Practice item. Set the material below down again exactly, with no pictures.

#### Given material

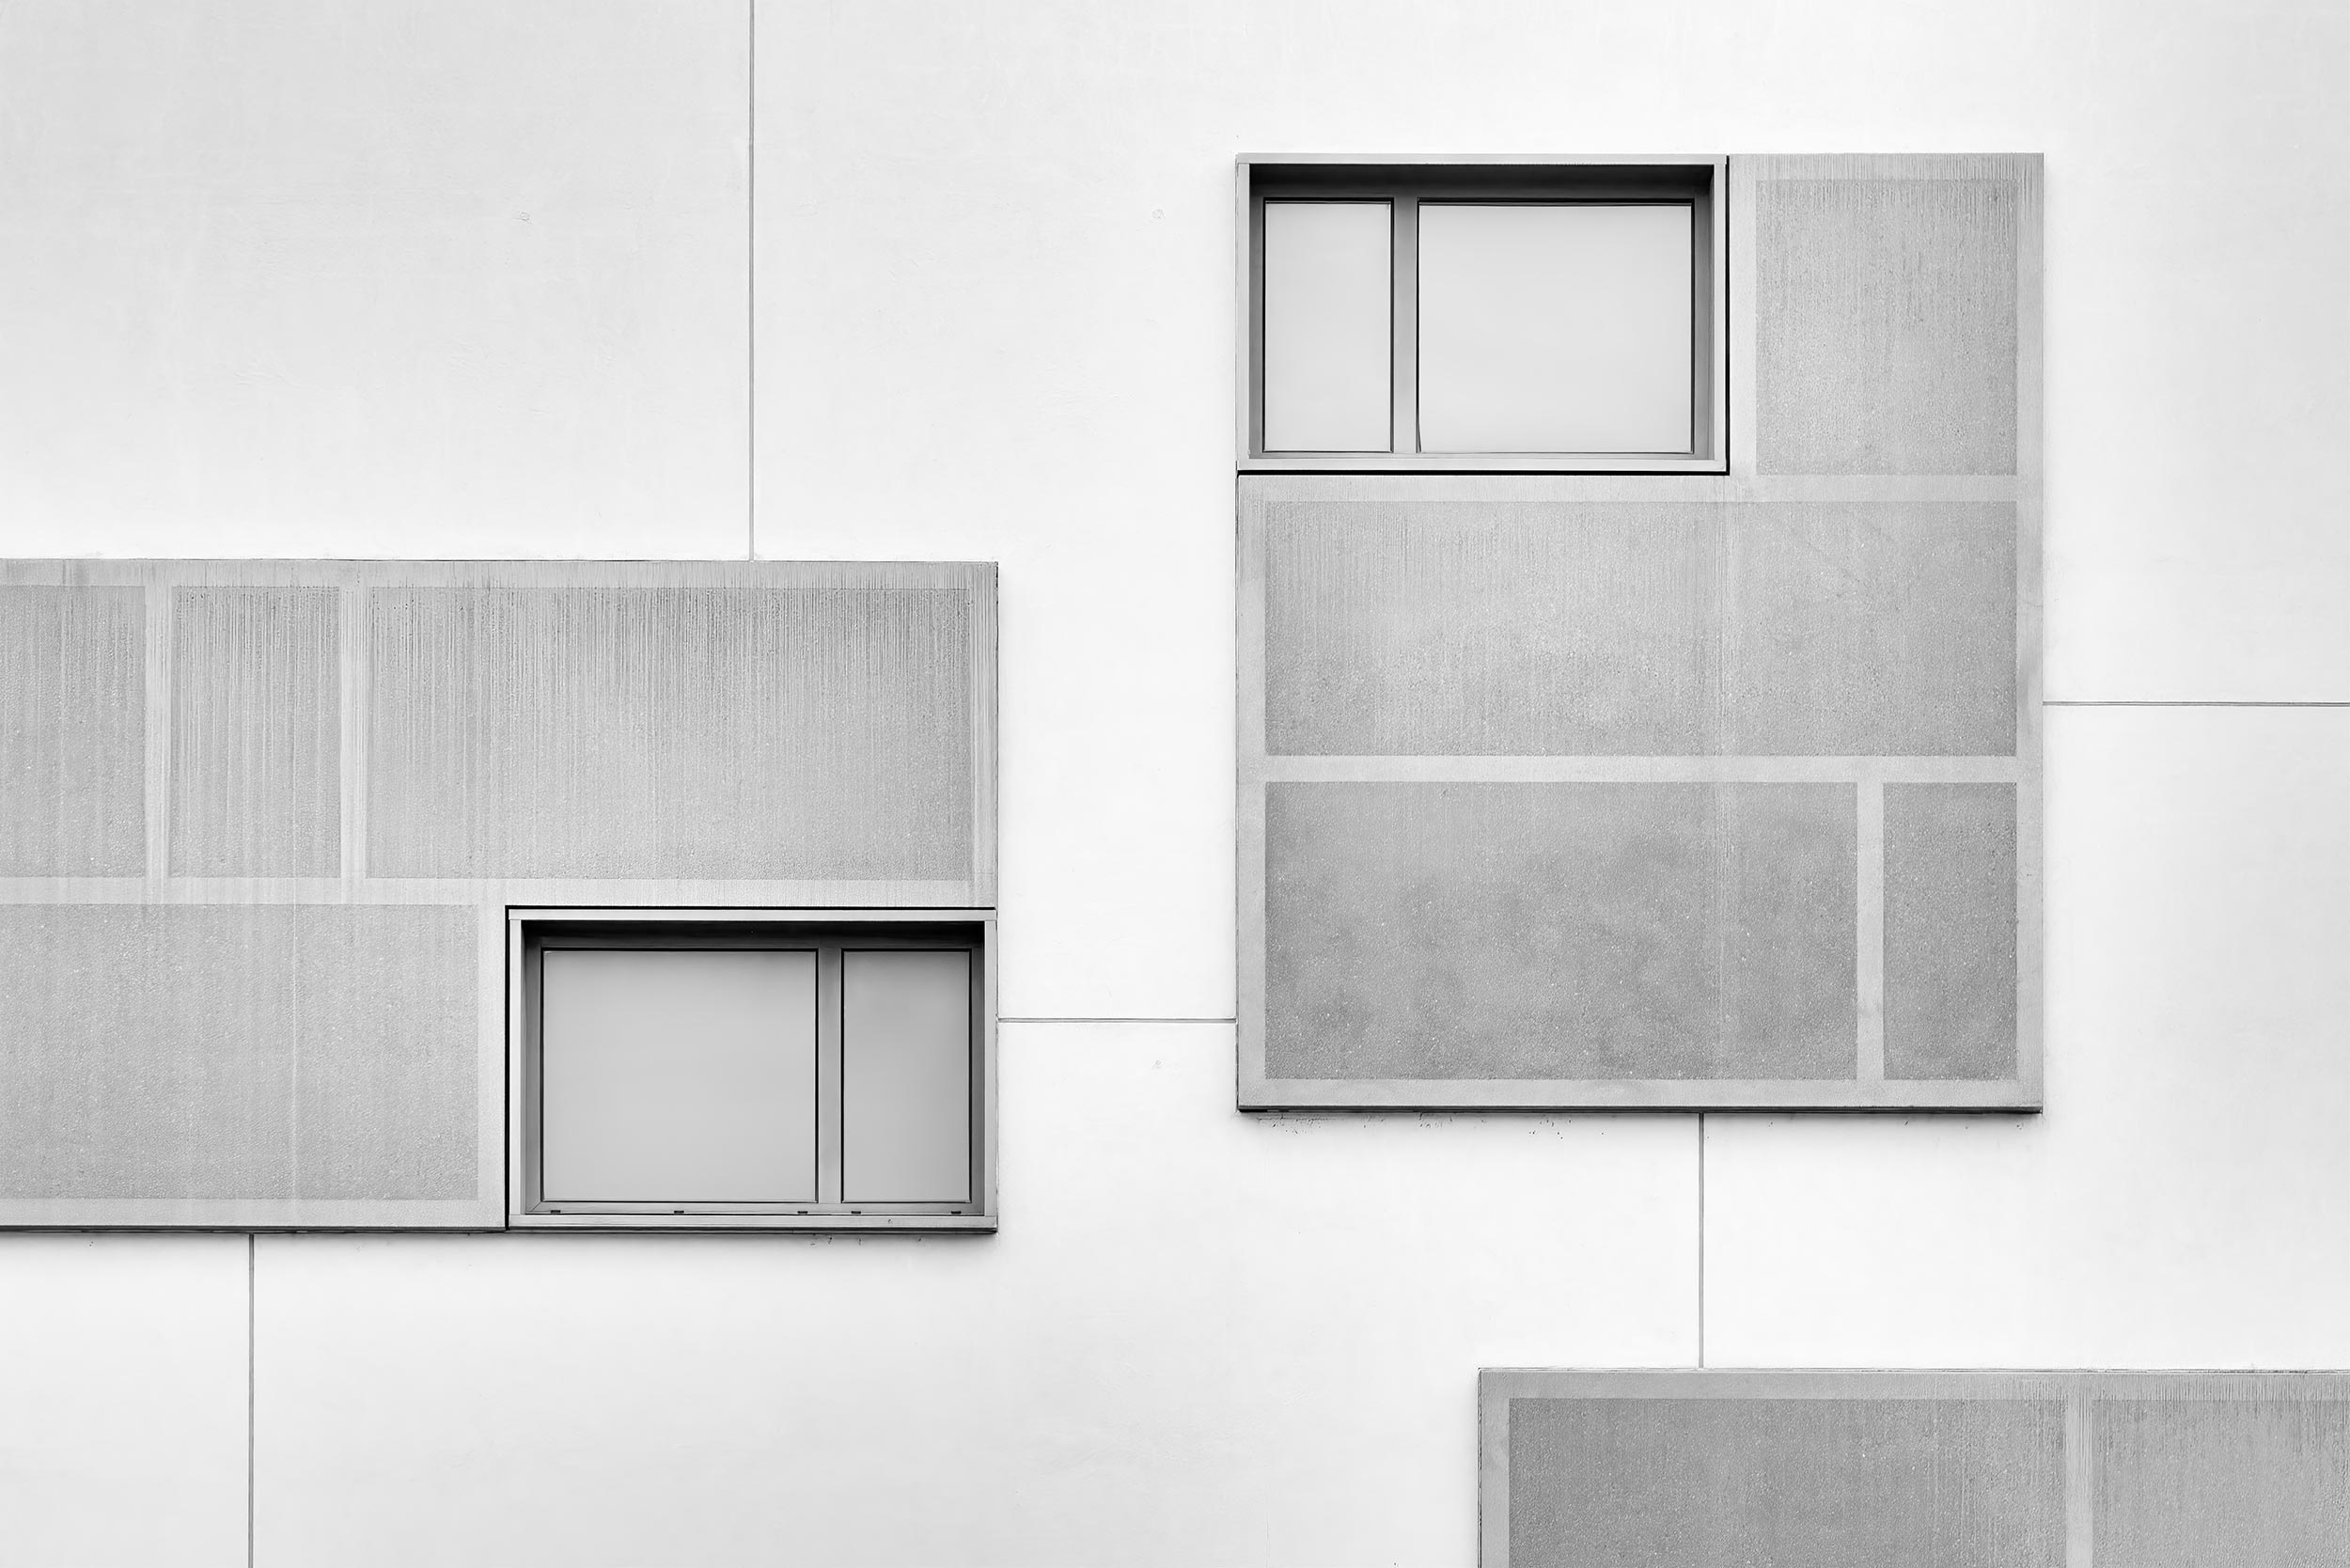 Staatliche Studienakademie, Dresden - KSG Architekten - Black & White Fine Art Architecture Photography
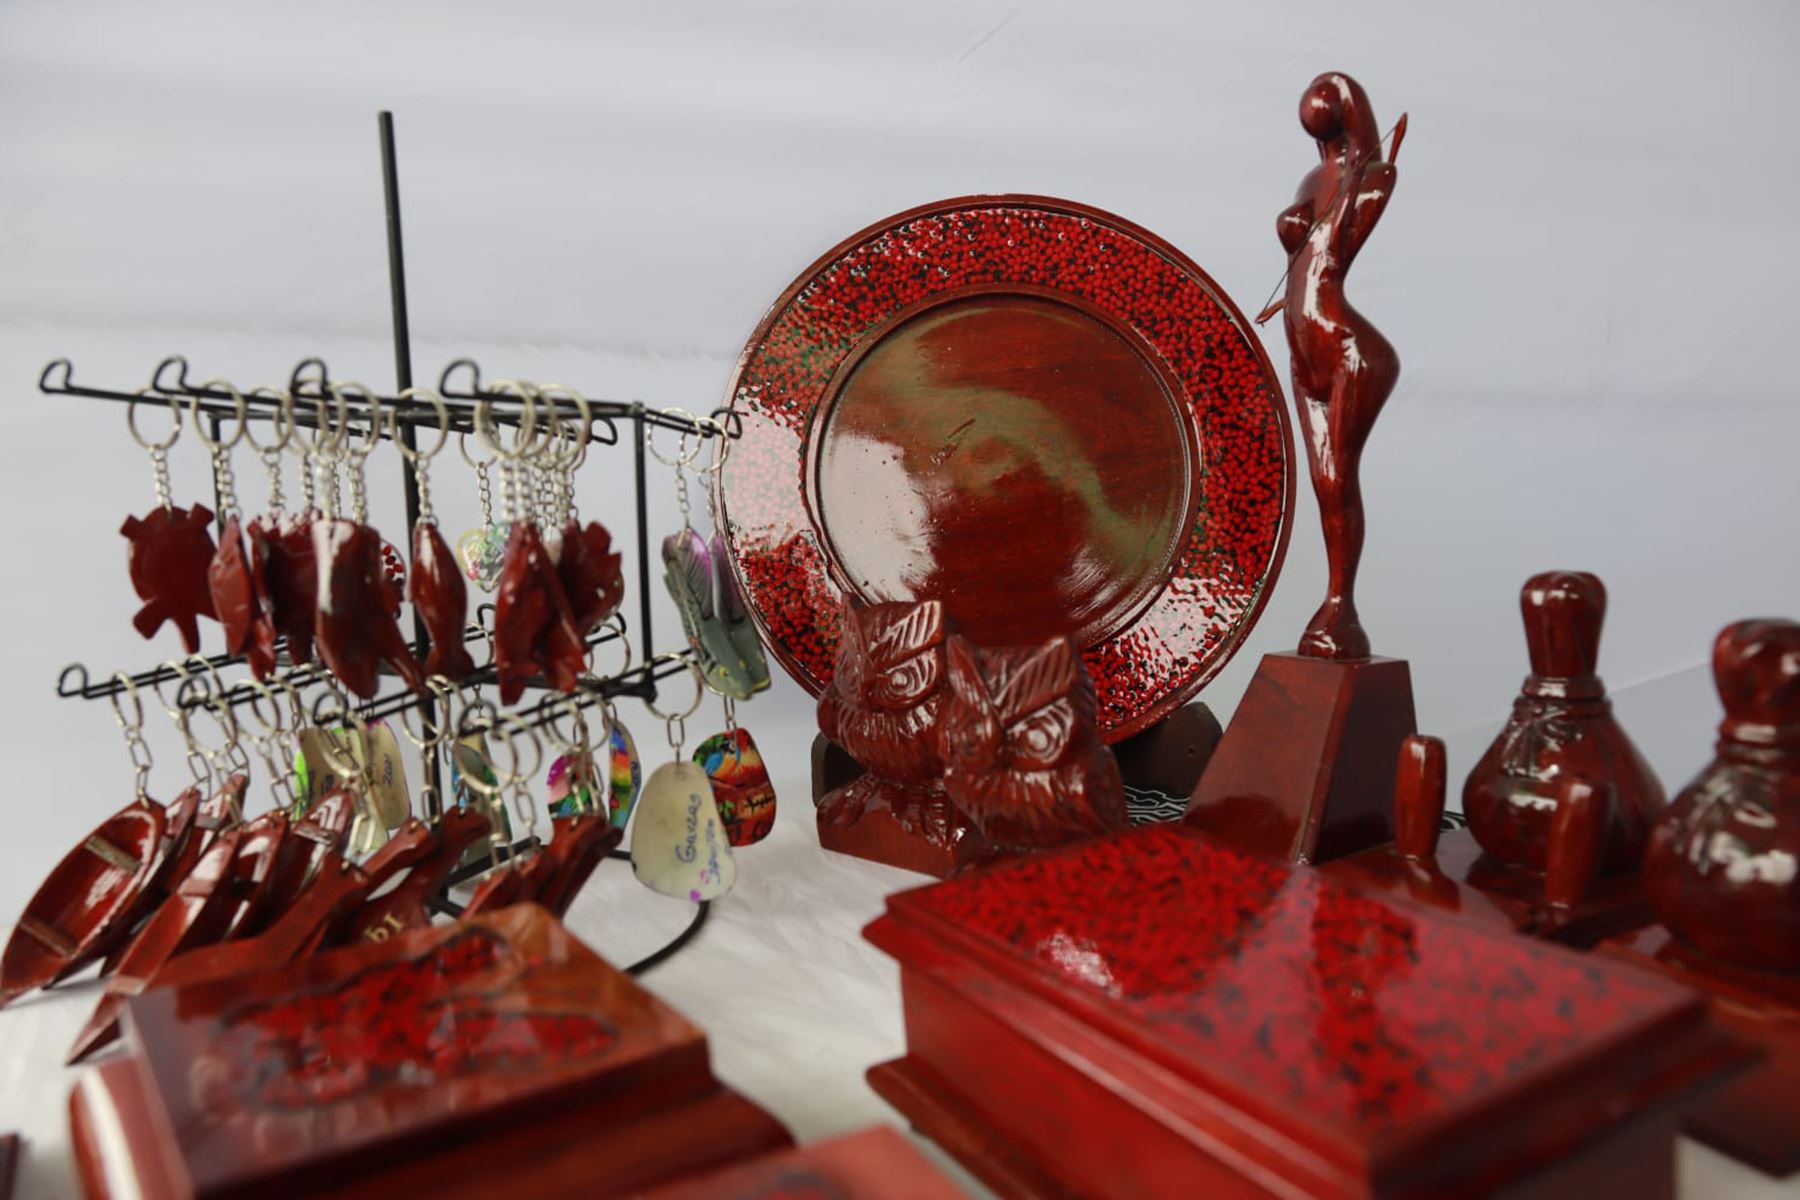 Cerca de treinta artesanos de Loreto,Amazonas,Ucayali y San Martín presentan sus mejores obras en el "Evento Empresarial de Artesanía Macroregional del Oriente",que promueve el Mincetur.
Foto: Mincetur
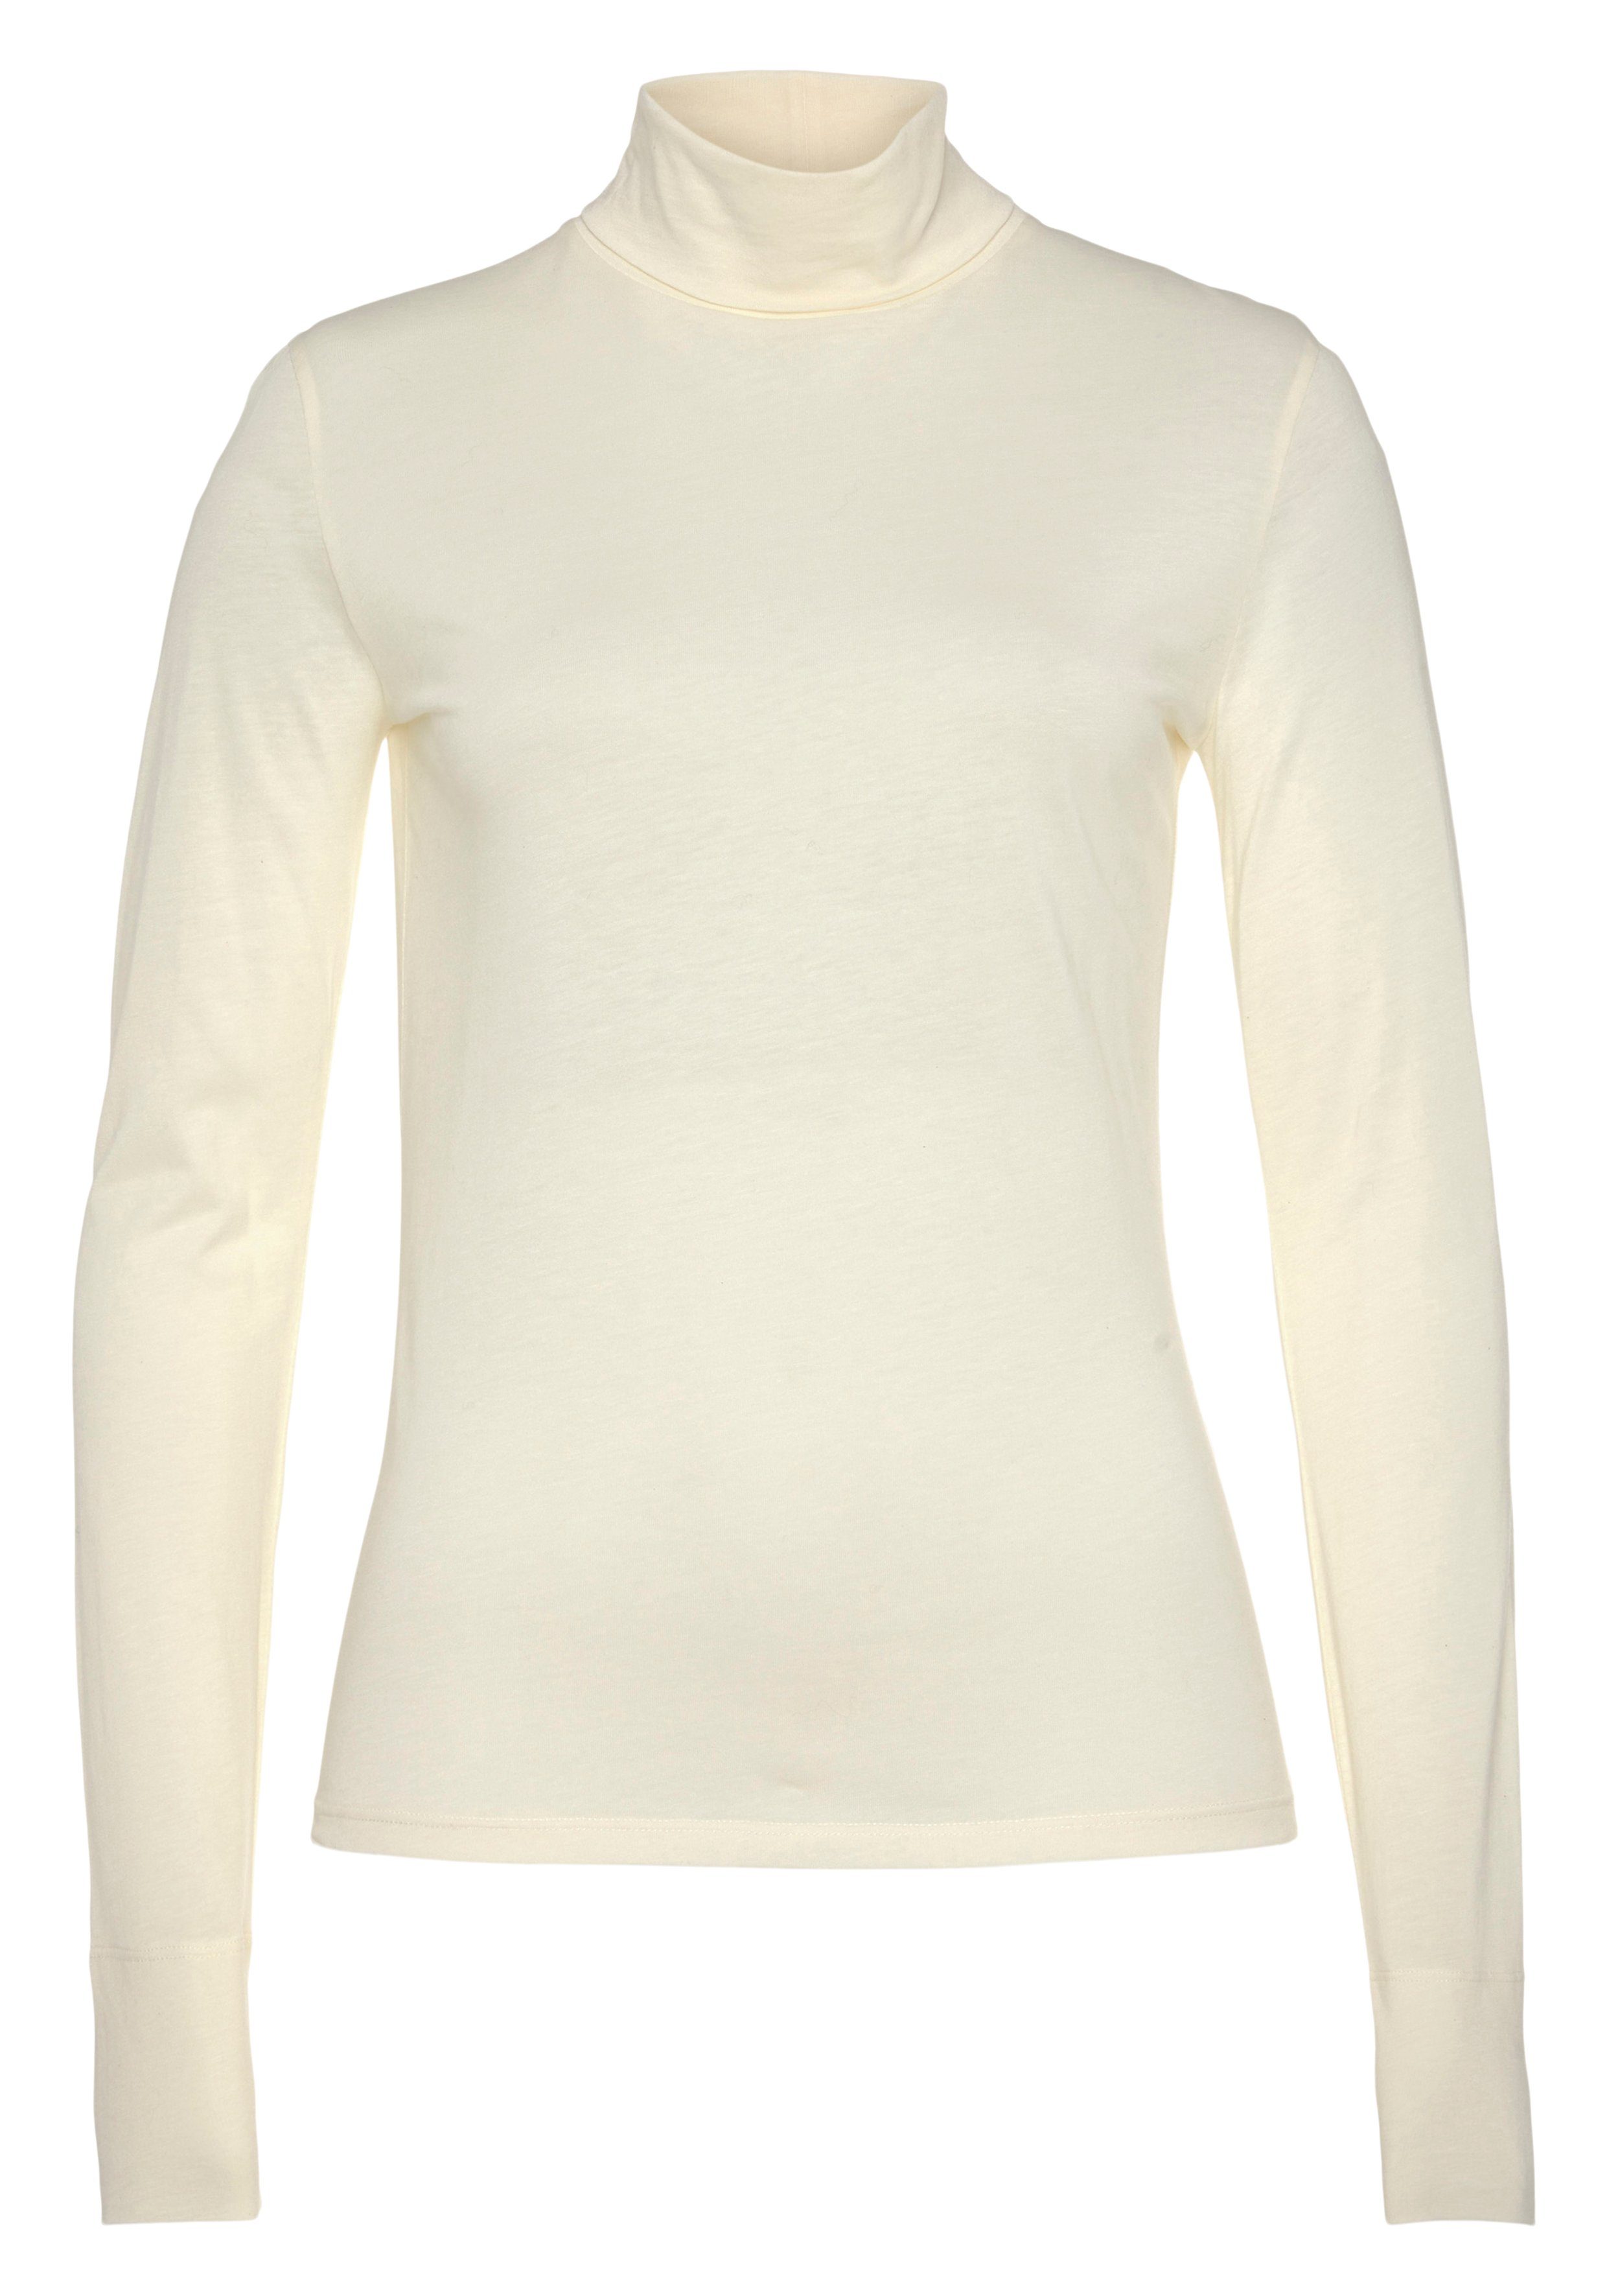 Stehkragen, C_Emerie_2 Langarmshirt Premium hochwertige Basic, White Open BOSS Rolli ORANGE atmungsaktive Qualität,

########

(Expected answer):
 Staatliche Studienakademie, Dresden - KSG Architekten - Black & White Fine Art Architecture Photography
 Cerca de treinta artesanos de Loreto,Amazonas,Ucayali y San Martín presentan sus mejores obras en el "Evento Empresarial de Artesanía Macroregional del Oriente",que promueve el Mincetur.
Foto: Mincetur
 Stehkragen, C_Emerie_2 Langarmshirt Premium hochwertige Basic, White Open BOSS Rolli ORANGE atmungsaktive Qualität,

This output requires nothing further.